This model fits the primary data well (R2 = 0.76, P < .001), with only 1 individual being identified in the entire primary data set as outside the 99.5% threshold (Figure 3D; Table 3; supplemental Figure 6), and consistent with in vitro and in vivo data, demonstrated linearity on the log-transformed scale (supplemental Figure 6). Interestingly, this individual who did not conform to the model, had a provocative clinical phenotype, which included chronic spontaneous urticaria and angioedema as well as syncopal episodes with alcohol consumption that had prompted a BM biopsy before genotyping. Although BM sections demonstrated left-shifted megaloblastoid erythroid hyperplasia, focal areas with increased pronormoblasts, and occasional dyserythropoietic forms, allele-specific PCR for KIT p.D816V was negative, no mast cell aggregates or aberrant markers (ie, CD2 and CD25) were identified, and no definitive diagnosis was made.

Finally, to prospectively validate the modeled cutoff clinically, we measured BST levels in an additional 130 individuals with HαT caused by TPSAB1 duplications in whom BST levels were unknown and no other clinical indication for BM biopsy was present. In all 130 prospectively examined individuals, BST levels fell below the 99.5% cutoff (median, 15.1 ng/mL; range, 8.0-35.0 ng/mL).

Application of tryptase genotyping and modeled BST levels improves biomarker utility

To further examine the real-world implications of applying this new model clinically, we analyzed all samples sent or referred to the National Institutes of Health Clinical Center for tryptase genotyping from 2016 to 2021; 377 of these samples had not been used to construct the model. None of the participants had kidney disease or other clinical presentations consistent with genetic disorders known to be associated with elevated BST.13 Of these, 409 samples were identified with BST >11.4 ng/mL; 285 of these had HαT, 98 had MCD, 21 had both HαT and MCD, 2 individuals had hypereosinophilic disorders (one of whom also had HαT), and 4 individuals did not have a clear diagnosis following genotyping. Thus, in individuals with BST > 11.4 ng/mL, elevated BST levels could be attributed to HαT and/or MCD in 404 of 409 (98.8%) individuals (Figure 3E). Moreover, 255 of 262 of samples (97.3%) with BST levels between 8 and 11.4 ng/mL were associated with HαT and/or MCD. Based on the prevalence of HαT and MCD, data from previous studies35,36 have also suggested that BST > 8 ng/mL is relatively uncommon among individuals without these conditions, occurring in an estimated 5% of the populations tested compared to ∼3% of our cohort. Consistent with these data is the modeled 95% threshold of 7.99 ng/mL among individuals without HαT or MCD, indicating that <5% of the total population would be predicted to have BST > 8 ng/mL.

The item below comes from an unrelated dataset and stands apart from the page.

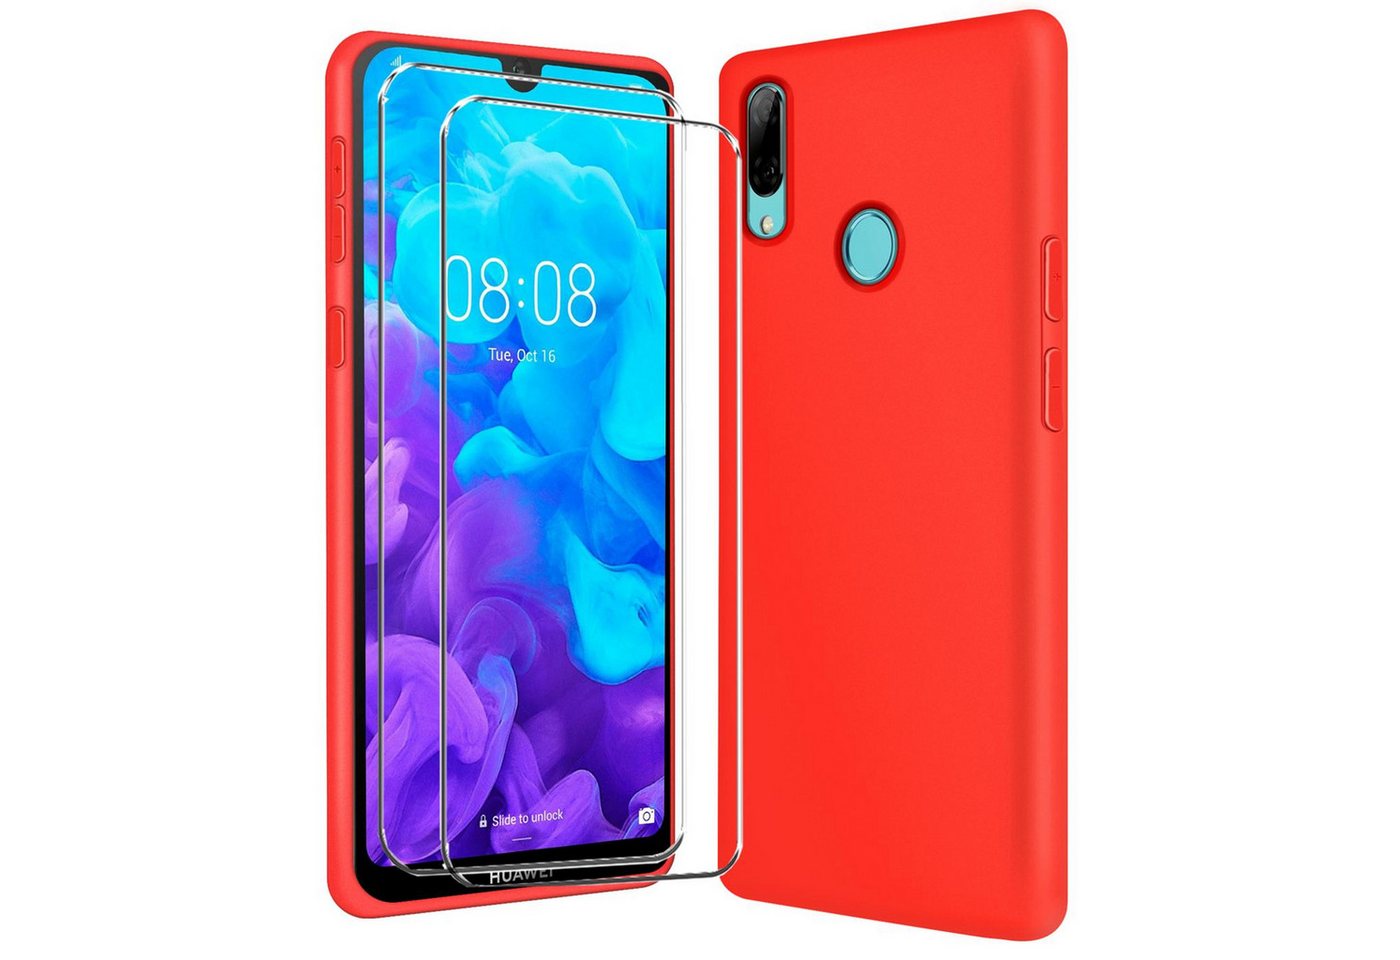 CoolGadget Handyhülle Rot als 2in1 Schutz Cover Set für das Huawei P Smart 2019 6,21 Zoll, 2x Glas Display Schutz Folie + 1x TPU Case Hülle für P Smart 2019 von CoolGadget

The 5 individuals with BST > 11.4 ng/mL who did not have HαT or evidence of MCD, underwent paired peripheral blood exome and deep exome sequencing (300×) of granulocyte and mononuclear BM aspirate fractions. In all 5 individuals, variants in genes commonly mutated in hematological malignancies (eg, TET2, RUNX1, CEBPA, MAP2K1, NOTCH2, KMT2C) were identified (supplemental Table 6); in 4, the variants were somatic, whereas in the remaining individual, RUNX1 and CEBPA variants were determined to be germline. Although pathogenicity of the variants was not experimentally determined, several including the TET2 and NOTCH2 variants were nonsense variants and predicted to be damaging. In 1 individual, the identified variant was associated with hypereosinophilic syndrome. However, BM evaluation and screening for JAK2 p.V617F as well as FIP1L1-PDGFRA fusion was unrevealing, thus the patient's provisional diagnosis remained as idiopathic hypereosinophilic syndrome. Together with those individuals meeting criteria for MCD, these data demonstrate that BST > 11.4 ng/mL in the absence of HαT frequently identifies indolent clonal MCD (98 of 103 of our referral cohort [95%]) or, less frequently, identifies patients with somatic genetic variants suggestive of occult or evolving myeloid neoplasms such as clonal hematopoiesis of indeterminant potential.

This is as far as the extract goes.